Adler mata o Führer Lunar, toma-lhe o bastão e aciona a mortífera Götterdämmerung usando o tablet roubado de Vivian, a quem aplicou um pé na bunda. Tem início o ataque dos nazistas à Terra, com discos voadores e zepelins, para absoluto deleite da presidente dos EUA, pois “todos os presidentes que iniciaram guerras no primeiro mandato foram reeleitos”, acrescentando que, do contrário, teria precisado bombardear a Austrália. Não contente com isso, nomeia sua marqueteira chefe de Estado-Maior, ao que Vivian, ansiosa por se vingar de Adler, embarca na nave SS George W. Bush e lidera o ataque das potências terrestres à base nazista lunar. Ordenando bombardeios, ignora os apelos de que há mulheres e crianças na base, sob a alegação muito familiar de que “os EUA não negociam com terroristas”. As potências terrestres derrotam os nazistas lunares apenas para iniciar uma nova guerra entre si pela posse do hélio-3, de que a lua está repleta. Ao término do filme, vê-se o lado escuro da Terra. Será mero acaso essa voltairiana comédia ter enfrentado dificuldades wagnerianas de distribuição fora da Europa?

7.6.13

Vou lhe mostrar o medo

Não foi com pequeno orgulho que introduzi Nikolaj Frobenius, um dos maiores escritores noruegueses da atualidade, ao leitor brasileiro. A escolha da sua obra de estreia no Brasil não poderia ser mais instigante: o romance Vou lhe mostrar o medo é nada menos que um suspense psicológico centrado na pessoa do grande poeta e contista norte-americano Edgar Allan Poe (1809-1849), criador do gênero policial na literatura. 

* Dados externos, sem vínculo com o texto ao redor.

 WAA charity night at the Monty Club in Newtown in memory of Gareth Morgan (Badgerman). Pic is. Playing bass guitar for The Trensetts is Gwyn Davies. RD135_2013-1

Perpetuamente afligido pela pobreza e angustiado com a enfermidade da sua frágil esposa, o jovem poeta toma conhecimento de que assassinatos macabros, grotescamente semelhantes aos seus contos de terror e mistério, andam sendo cometidos. Quem será o criminoso, e qual o seu objetivo ao imitar dessa forma as histórias do autor de “O corvo”, e “Os assassinatos na rua Morgue”? Ficamos sabendo então que Poe conhece de longa data o monstruoso assassino, mas à polícia nega saber algo sobre ele, com medo de se comprometer. Paralelamente, o escritor é sabotado em sua carreira e nas suas tentativas de ascensão social pelo crítico literário Rufus Griswold, que, como Salieri em relação a Mozart na peça Amadeus, de Peter Schaffer — e no filme de mesmo título dirigido por Milos Forman —, dedica a Poe um misto de profundo ódio e incondicional admiração.

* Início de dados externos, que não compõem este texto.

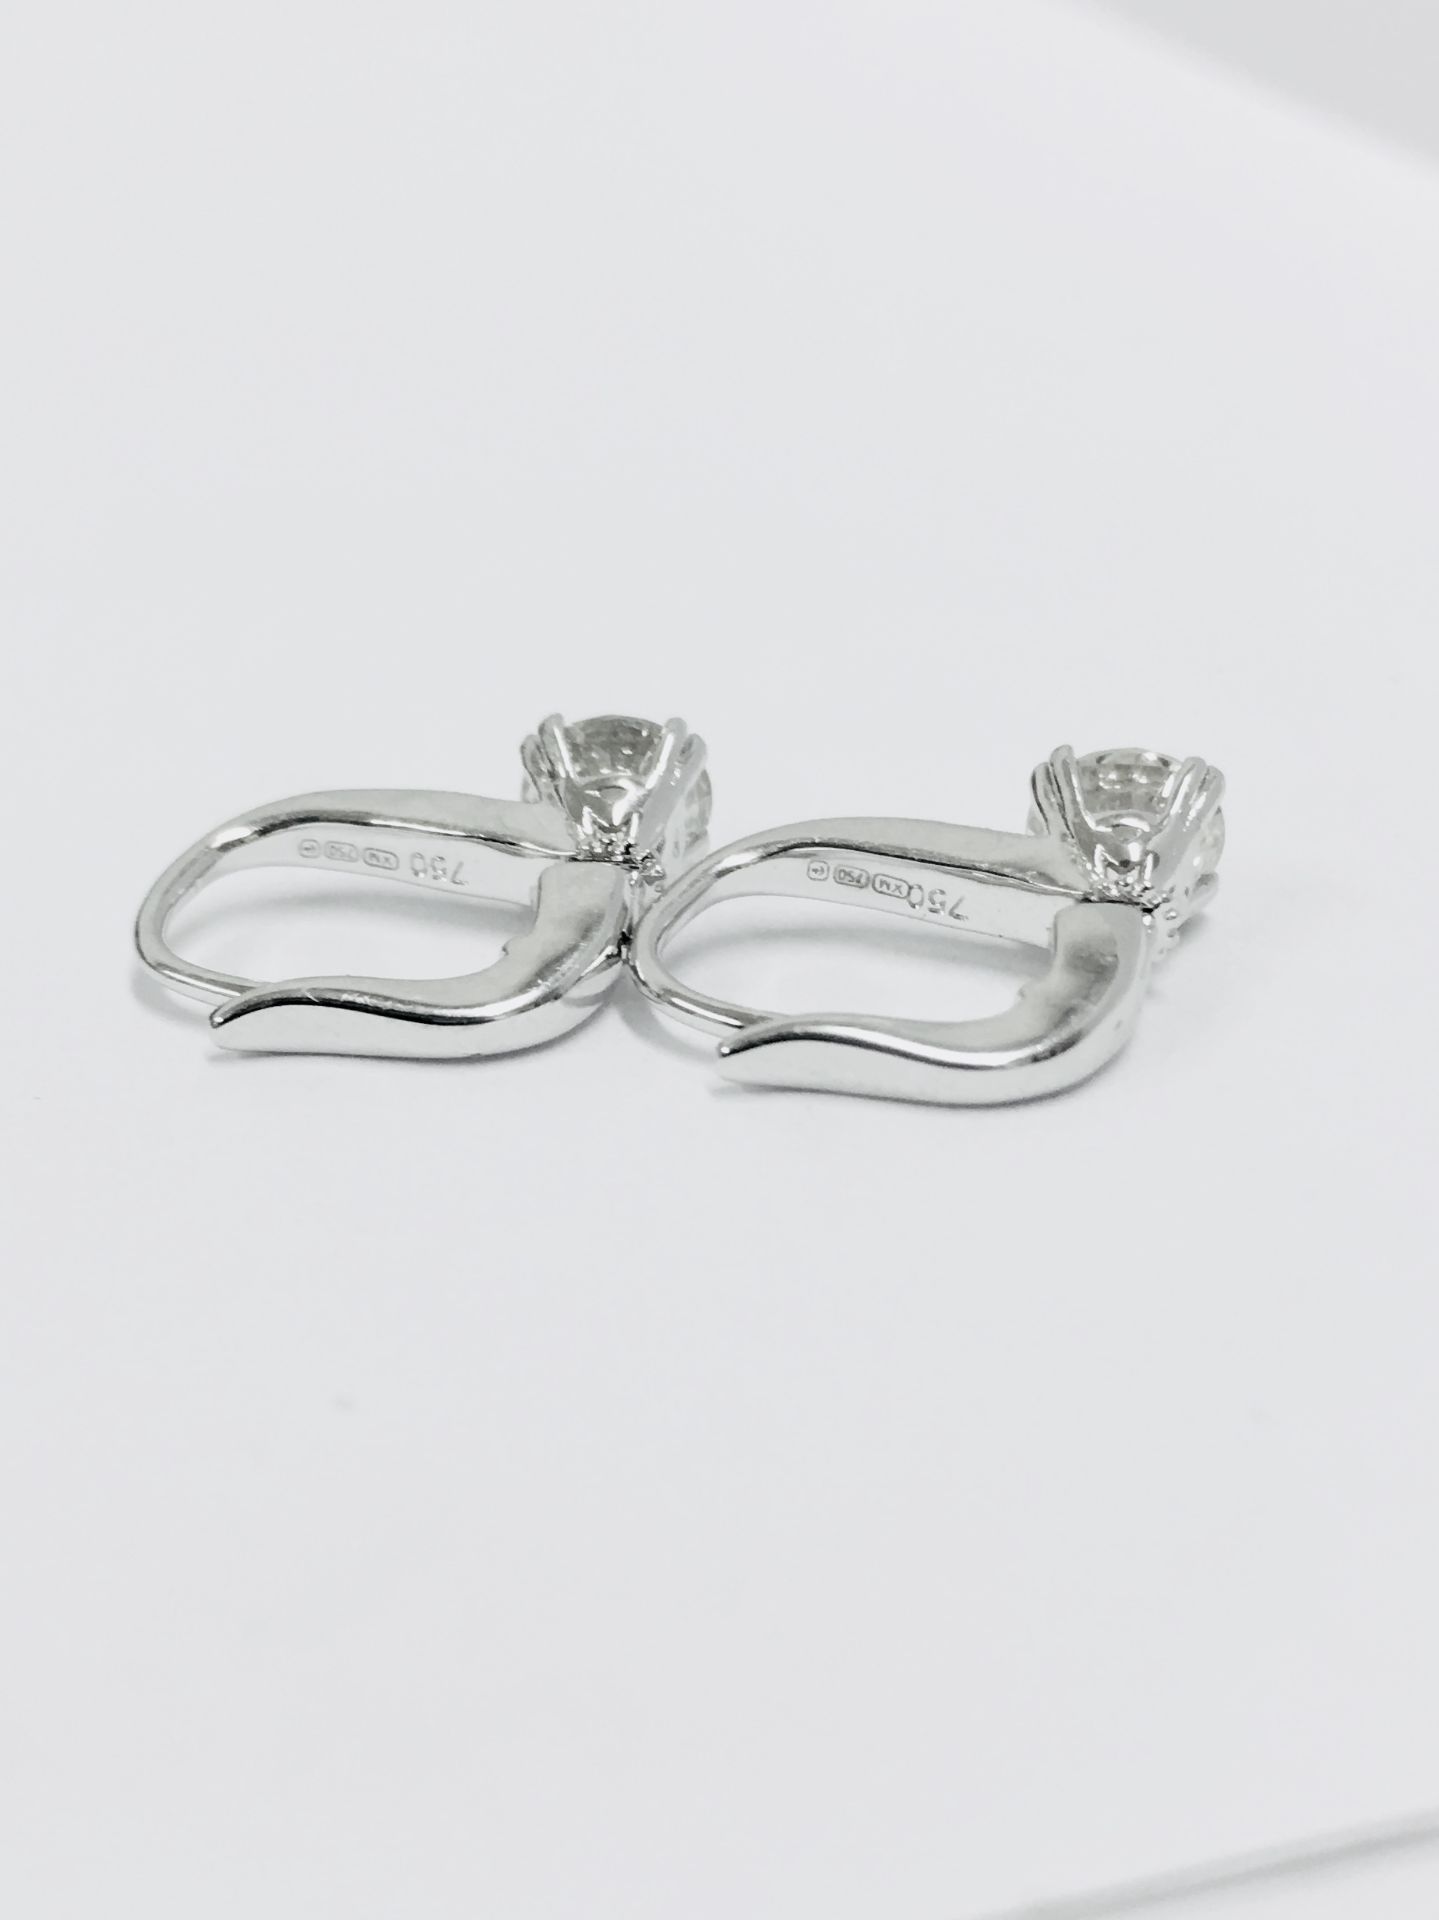 18Ct White Gold Hoop Style Earrings With Hinge Fastners. - Image 14 of 22

A vida de Poe é cercada de mistérios e circunstâncias inexplicáveis, as quais este romance procura explicar. É sabido, por exemplo, que Poe se mudou para Fordham no auge da sua carreira, mas não sabemos por que foi embora de Nova York, onde começava a fazer grande sucesso com suas obras. O que o teria compelido a deixar a metrópole no momento em que mais lhe convinha permanecer nela? Estaria fugindo de algo... ou de alguém? Outro fato conhecido é que, pouco antes de morrer (de causa desconhecida), ele balbuciava um nome, que ninguém até hoje conseguiu identificar: “Reynolds”. Quem era esse Reynolds?

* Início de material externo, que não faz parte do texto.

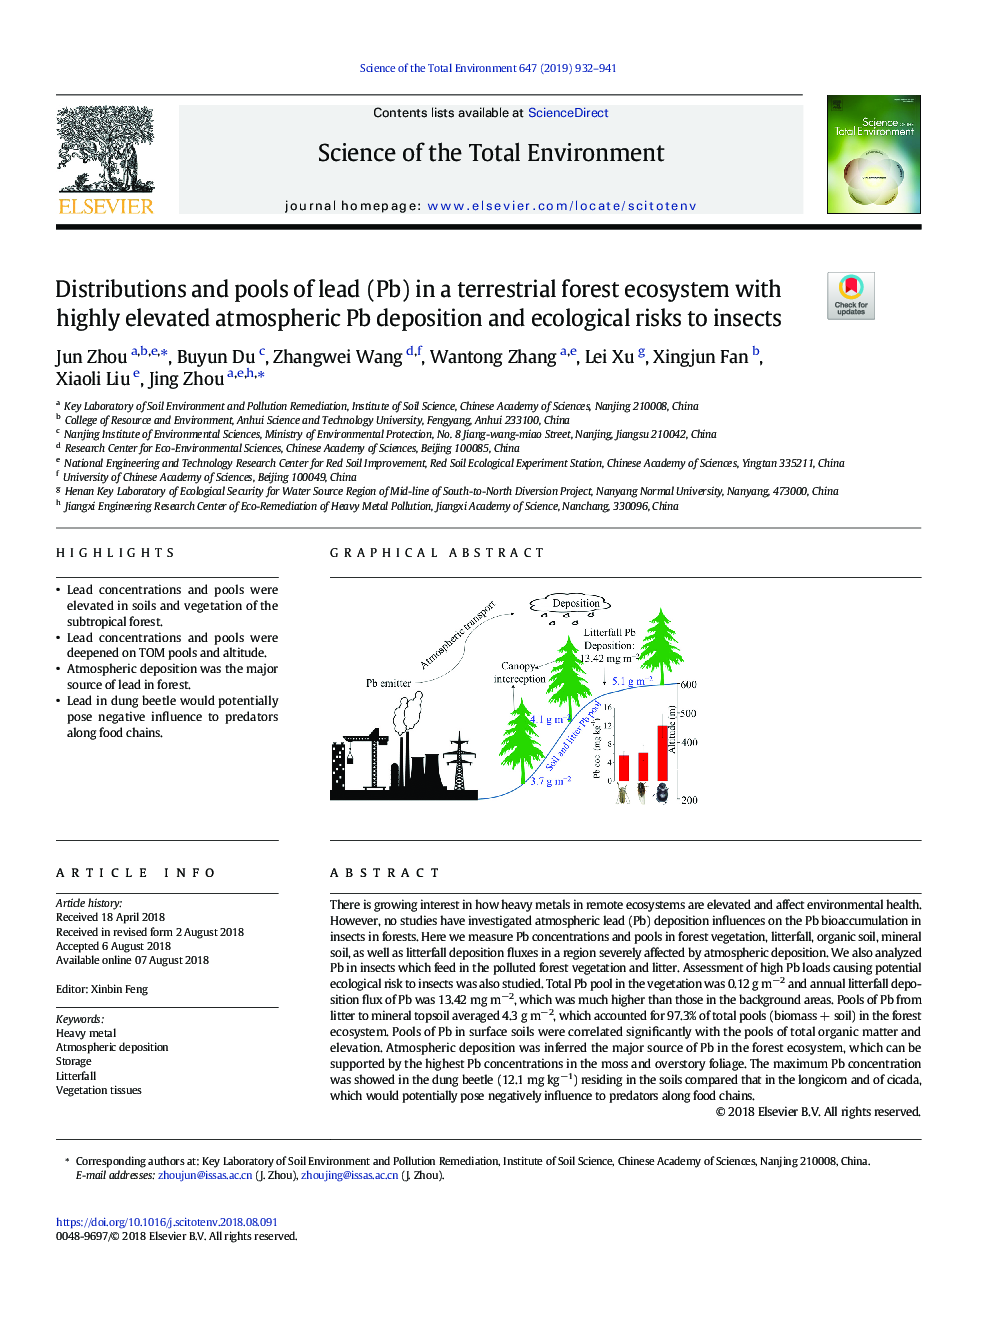 Distributions and pools of lead (Pb) in a terrestrial forest ecosystem with highly elevated atmospheric Pb deposition and ecological risks to insects

Publicado em quase todos os países da Europa e traduzido em dez idiomas, este romance premiado, que discute os limites da criação literária e a responsabilidade moral da arte, foi recentemente plagiado por Hollywood, numa fraca adaptação para o cinema intitulada O corvo, estrelando John Cusack no papel de Poe, e inspirou a série de suspense The Following.


Nikolaj Frobenius nasceu em Oslo, Noruega, no ano de 1965. Autor de várias obras premiadas e traduzidas em dezoito idiomas, tornou-se mundialmente famoso como roteirista do filme sueco Insônia, que teve uma adaptação norte-americana em 2002, estrelando Al Pacino e Robin Williams.